How to Wear a Cycling Cap: Patrick Sercu
When riders have careers as huge as did Patrick Sercu, attempting to explain it with a few sentences seems rather trite, inadequately pale and hollow. Considered by many to be the greatest track cyclist of all time, and the King of the Six-Day races Sercu, the Flemish Arrow, tallied eighty-eight six-day victories (or 83, depending on where you get your information), 1,206 total wins on the track, as well as 168 wins on the road.

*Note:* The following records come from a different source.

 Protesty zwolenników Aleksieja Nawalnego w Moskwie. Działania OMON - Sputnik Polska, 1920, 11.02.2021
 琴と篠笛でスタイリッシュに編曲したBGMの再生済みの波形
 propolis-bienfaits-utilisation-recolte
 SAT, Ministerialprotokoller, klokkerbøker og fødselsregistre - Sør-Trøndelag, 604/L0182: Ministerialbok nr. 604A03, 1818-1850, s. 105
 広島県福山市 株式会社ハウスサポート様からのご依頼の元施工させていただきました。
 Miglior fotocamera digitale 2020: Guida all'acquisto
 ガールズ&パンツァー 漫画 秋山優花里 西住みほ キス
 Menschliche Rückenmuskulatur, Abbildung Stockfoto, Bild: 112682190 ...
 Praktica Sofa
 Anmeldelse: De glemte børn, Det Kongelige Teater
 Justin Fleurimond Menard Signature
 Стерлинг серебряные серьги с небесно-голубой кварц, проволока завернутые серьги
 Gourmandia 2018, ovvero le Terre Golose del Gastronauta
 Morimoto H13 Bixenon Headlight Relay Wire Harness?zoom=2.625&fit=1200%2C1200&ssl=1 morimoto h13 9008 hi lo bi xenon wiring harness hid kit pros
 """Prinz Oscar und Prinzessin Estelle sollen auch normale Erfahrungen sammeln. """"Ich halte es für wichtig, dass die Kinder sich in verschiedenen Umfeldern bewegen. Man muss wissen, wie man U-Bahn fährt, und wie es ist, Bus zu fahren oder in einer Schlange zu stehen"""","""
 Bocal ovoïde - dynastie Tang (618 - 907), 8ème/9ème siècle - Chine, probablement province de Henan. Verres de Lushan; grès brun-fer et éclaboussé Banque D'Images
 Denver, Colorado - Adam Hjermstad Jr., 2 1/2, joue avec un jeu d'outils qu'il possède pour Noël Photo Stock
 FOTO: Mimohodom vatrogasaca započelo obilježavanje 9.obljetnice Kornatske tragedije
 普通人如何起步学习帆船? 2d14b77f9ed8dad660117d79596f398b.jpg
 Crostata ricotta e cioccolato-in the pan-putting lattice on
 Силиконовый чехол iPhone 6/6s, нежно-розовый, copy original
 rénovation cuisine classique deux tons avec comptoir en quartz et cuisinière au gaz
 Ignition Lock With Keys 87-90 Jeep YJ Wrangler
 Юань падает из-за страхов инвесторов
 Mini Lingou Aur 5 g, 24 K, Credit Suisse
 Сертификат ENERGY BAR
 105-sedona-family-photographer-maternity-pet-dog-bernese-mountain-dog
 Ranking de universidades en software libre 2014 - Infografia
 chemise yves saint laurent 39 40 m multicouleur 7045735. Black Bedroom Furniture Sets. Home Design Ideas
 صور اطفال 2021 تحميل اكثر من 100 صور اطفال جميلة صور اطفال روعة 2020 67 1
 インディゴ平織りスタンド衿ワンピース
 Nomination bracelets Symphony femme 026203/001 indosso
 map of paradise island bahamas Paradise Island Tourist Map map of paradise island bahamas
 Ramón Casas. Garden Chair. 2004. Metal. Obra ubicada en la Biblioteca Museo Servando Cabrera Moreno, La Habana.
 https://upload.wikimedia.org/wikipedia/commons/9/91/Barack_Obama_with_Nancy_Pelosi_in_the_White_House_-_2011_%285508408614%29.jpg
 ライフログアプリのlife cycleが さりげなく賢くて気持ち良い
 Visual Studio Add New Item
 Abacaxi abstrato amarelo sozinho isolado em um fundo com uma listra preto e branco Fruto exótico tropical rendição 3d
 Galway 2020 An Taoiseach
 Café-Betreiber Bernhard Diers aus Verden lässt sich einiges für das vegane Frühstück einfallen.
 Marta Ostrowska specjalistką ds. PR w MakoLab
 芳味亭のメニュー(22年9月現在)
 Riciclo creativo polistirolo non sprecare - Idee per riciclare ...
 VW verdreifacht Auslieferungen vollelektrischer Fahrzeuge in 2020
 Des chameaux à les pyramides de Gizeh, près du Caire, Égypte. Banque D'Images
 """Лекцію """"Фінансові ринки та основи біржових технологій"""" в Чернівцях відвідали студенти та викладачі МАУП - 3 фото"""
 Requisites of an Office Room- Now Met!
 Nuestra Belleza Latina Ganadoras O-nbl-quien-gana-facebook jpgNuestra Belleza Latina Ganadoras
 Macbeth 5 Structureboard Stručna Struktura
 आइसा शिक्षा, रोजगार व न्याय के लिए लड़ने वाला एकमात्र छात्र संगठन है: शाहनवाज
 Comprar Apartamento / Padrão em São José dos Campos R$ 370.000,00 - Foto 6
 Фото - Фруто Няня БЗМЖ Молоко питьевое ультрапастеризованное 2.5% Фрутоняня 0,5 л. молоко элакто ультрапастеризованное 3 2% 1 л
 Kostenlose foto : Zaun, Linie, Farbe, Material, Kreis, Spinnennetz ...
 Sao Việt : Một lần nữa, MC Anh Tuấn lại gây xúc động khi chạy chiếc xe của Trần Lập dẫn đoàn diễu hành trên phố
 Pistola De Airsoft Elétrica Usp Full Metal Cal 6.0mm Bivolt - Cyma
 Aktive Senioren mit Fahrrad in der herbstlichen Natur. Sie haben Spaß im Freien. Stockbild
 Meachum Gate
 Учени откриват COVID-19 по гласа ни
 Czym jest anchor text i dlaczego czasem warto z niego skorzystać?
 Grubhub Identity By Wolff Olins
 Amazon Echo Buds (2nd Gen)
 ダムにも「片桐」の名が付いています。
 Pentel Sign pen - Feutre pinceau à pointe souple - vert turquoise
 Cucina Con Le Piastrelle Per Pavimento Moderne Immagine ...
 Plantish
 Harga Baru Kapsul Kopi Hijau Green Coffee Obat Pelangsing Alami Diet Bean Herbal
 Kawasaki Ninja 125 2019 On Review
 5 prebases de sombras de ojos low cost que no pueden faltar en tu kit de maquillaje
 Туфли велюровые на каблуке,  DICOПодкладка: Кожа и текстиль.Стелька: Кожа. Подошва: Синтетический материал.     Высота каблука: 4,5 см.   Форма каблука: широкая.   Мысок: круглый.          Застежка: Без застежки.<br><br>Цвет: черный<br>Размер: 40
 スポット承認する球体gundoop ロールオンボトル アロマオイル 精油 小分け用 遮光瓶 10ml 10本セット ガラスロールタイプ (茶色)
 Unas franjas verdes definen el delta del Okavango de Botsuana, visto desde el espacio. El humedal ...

In those victories, Sercu was frequently paired with others of cycling's elite, including Eddy Merckx, Peter Post, Roger de Vlaeminck and Francesco Moser. Sercu never finished less than 2nd place at the Ghent Six-Day, finishing 1st eleven times between 1965 and 1981 (he directed the Ghent Six-Day as well as the Hasselt Six-Day following retirement), a record nearly matched in other Six-Day events too (his record in the London Six, for instance totaled eight wins, two 2nds, a 3rd and a 5th, while at the Antwerp Six he had six wins, seven 2nds and a 3rd).
Counted among his road wins are the Criterium Zolder (1964), Memorial Tom Simpson (1967), Criterium Lignano (1972), Circuit of the Flemish Ardennes (1975), Kuurne-Brussels-Kuurne (1977), six stages of the Tour de France, eleven stages of the Giro d'Italia, and the Points Jersey from the 1974 Tour de France, 1977 Tour Mediterraneen, and 1977 Dauphine Libere.
Yes, when your career is as successful as was Patrick Sercu's you can wear a cycling cap anyway you want, even crooked and in jest. Patrick Sercu (1944-2019).